Task description> Return the listing below exactly, with the pictures dropped.

Source data>
-.-.-
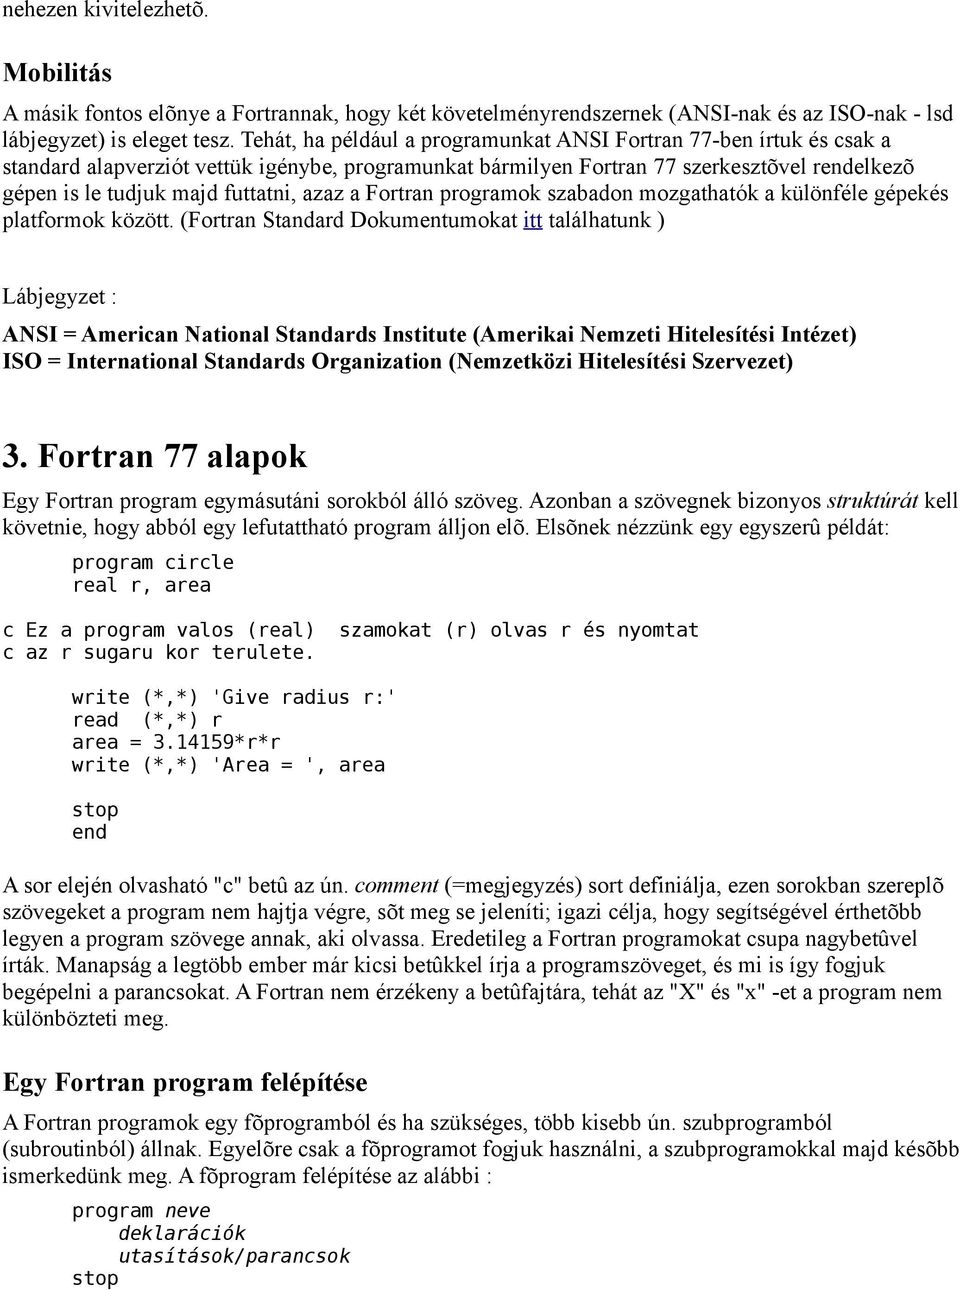 azaz a Fortran programok szabadon mozgathatók a különféle gépekés platformok között.
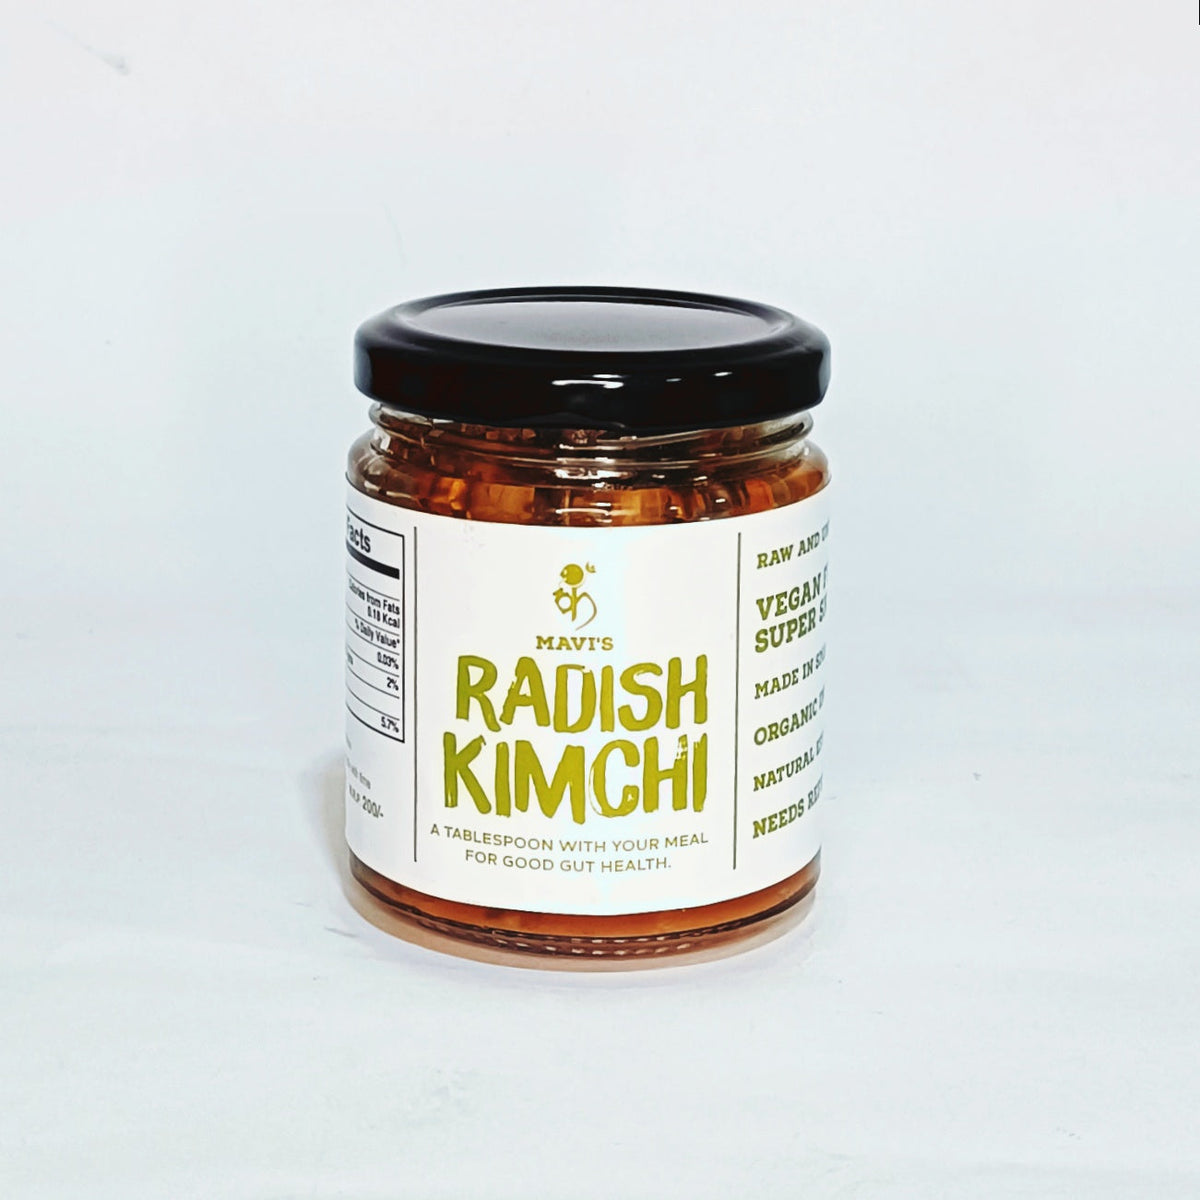 MAVI's Radish kimchi 500gms
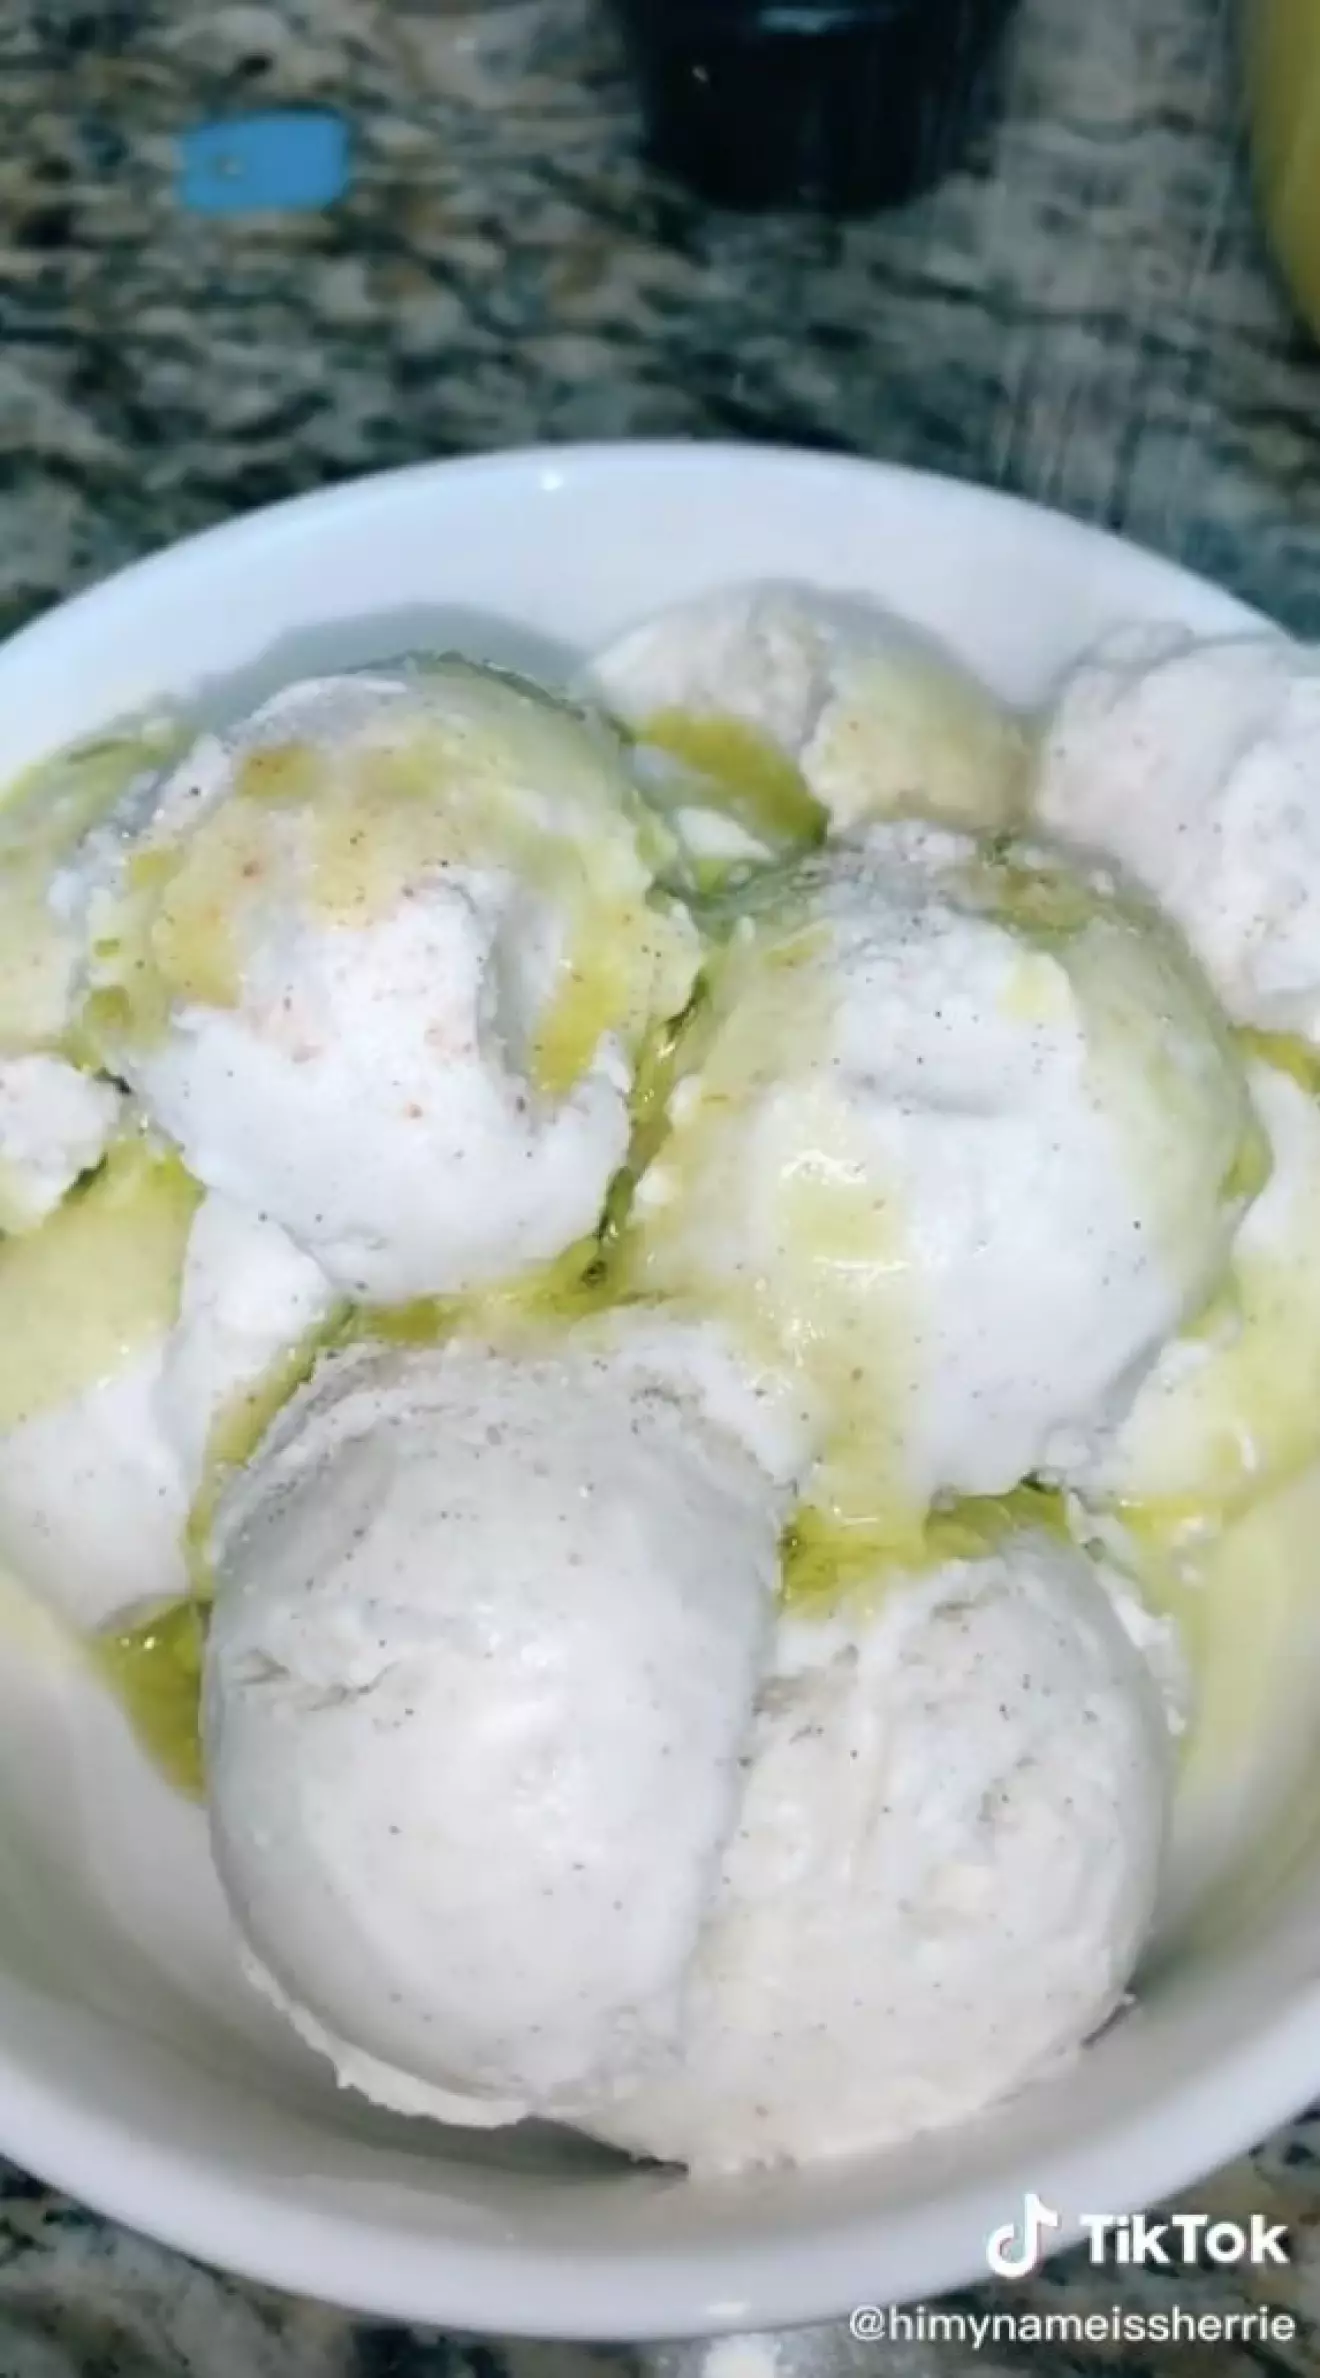 Vaniljglass med olivolja och salt i en video på Tiktok
-.-.-
Expected answer>
 azaz a Fortran programok szabadon mozgathatók a különféle gépekés platformok között.
 MAVI's Radish kimchi 500gms
 Vaniljglass med olivolja och salt i en video på Tiktok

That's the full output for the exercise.